Another frustration of driving the interstate is that you can’t stop and take pictures of interesting signs. There’s a big chunk of eastern Oregon that’s on Mountain Time. Signs announce this and instruct travelers to set their clocks one hour ahead. This is a total waste of time since one drives out of the Mountain Time Zone and back into the Pacific Time Zone in about 5 miles. I whizzed by another interesting sign just where the interstate crosses the Powder River. (And from somewhere in childhood memory, I heard a cowboy voice say, “Powder River, let ‘er rip!” This must be from a movie, but I have no idea which one.) Anyway, the sign said, “45th Parallel, halfway between the North Pole and the Equator.” Now, isn’t that nice to know?
Baker City sits snugged beneath some beautiful, rugged mountains with snowy tops. To the east, over in Idaho or right along the state line maybe, there are some even taller, more rugged, snowier mountains. I was glad I was ripping along the valley floor.
However, after Baker City, the interstate winds through some canyons and over some passes. And because it’s an interstate highway, it is thronged with semis and other kinds of heavy trucks. It makes me more than a little nervous to tear along at 65 mph on a curvy two-lane freeway beside a big truck that’s leaning my way. I was a little white-knuckled through the section near La Grande, but it was at that point that I started to see trees. Not just sagebrush and other little bushes, but actual, real trees. Pine trees, no less. And fir trees. I started to breathe a little easier. It felt like coming home. And then, the interstate winds down out of the mountains at a 6% downgrade, and those big ol’ trucks are all doing their best not to run away down the mountain. Yeah, that’s a little nerve-racking. I stopped at an overlook above Pendleton to take some pictures of the Umatilla River valley, where Pendleton lies.

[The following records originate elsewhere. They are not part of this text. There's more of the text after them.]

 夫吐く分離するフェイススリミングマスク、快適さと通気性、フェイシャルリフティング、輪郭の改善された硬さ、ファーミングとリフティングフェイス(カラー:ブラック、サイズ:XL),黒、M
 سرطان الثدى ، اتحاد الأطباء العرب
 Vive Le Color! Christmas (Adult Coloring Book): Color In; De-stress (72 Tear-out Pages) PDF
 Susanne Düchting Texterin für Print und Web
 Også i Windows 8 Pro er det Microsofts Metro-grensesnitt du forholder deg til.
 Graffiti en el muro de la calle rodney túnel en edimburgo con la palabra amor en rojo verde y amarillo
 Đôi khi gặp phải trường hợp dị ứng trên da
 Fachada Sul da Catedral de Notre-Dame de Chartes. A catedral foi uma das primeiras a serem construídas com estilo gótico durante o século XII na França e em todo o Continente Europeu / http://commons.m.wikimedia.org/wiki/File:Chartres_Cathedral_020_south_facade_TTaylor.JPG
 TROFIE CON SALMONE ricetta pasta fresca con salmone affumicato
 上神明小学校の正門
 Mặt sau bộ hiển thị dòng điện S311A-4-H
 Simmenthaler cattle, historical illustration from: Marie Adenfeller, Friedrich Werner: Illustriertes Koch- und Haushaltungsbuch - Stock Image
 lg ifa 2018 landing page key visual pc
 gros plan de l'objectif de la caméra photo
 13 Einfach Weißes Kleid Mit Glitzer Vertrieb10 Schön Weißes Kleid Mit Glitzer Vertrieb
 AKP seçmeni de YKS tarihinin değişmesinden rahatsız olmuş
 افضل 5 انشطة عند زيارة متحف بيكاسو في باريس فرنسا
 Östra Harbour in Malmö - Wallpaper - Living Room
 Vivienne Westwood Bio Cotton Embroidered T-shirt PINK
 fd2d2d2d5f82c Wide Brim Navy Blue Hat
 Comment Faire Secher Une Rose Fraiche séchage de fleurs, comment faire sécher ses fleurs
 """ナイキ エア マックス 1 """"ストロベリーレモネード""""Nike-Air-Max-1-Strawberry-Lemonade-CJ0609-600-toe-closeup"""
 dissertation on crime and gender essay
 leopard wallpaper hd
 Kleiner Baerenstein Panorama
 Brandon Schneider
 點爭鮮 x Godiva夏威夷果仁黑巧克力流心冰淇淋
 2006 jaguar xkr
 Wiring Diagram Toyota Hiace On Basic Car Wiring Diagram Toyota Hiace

I got into Pendleton early, about 1:30, and actually got into my room at the Best Western right away. I must say, the Best Westerns have been really good so far. They’re a lot nicer than they were 10 years or so ago, when Dennis and I were staying in them a lot.
I needed to do a little online research before setting out again, and glory be, my laptop worked! I think I’ve figured out the trick to it—it involves making my computer completely vulnerable to any low-skills hacker in the same building. But I’ll take the risk. Online, I went to a real estate page and found some properties for sale out in the country around Pendleton. Armed with addresses, I went back out to the car, put them in the Nuvi, and off we went. She got excited a few times when I didn’t go the way she wanted me to, and eventually, I turned her off and just wandered around, but I had a wonderful afternoon, looking at farms, driving down gravel roads around farms, making farmers in big pickup trucks wonder what the heck I was doing driving around their farms, then finding my way back to Pendleton via the back roads and Old Highway 30 (Nuvi wanted me to take the interstate again).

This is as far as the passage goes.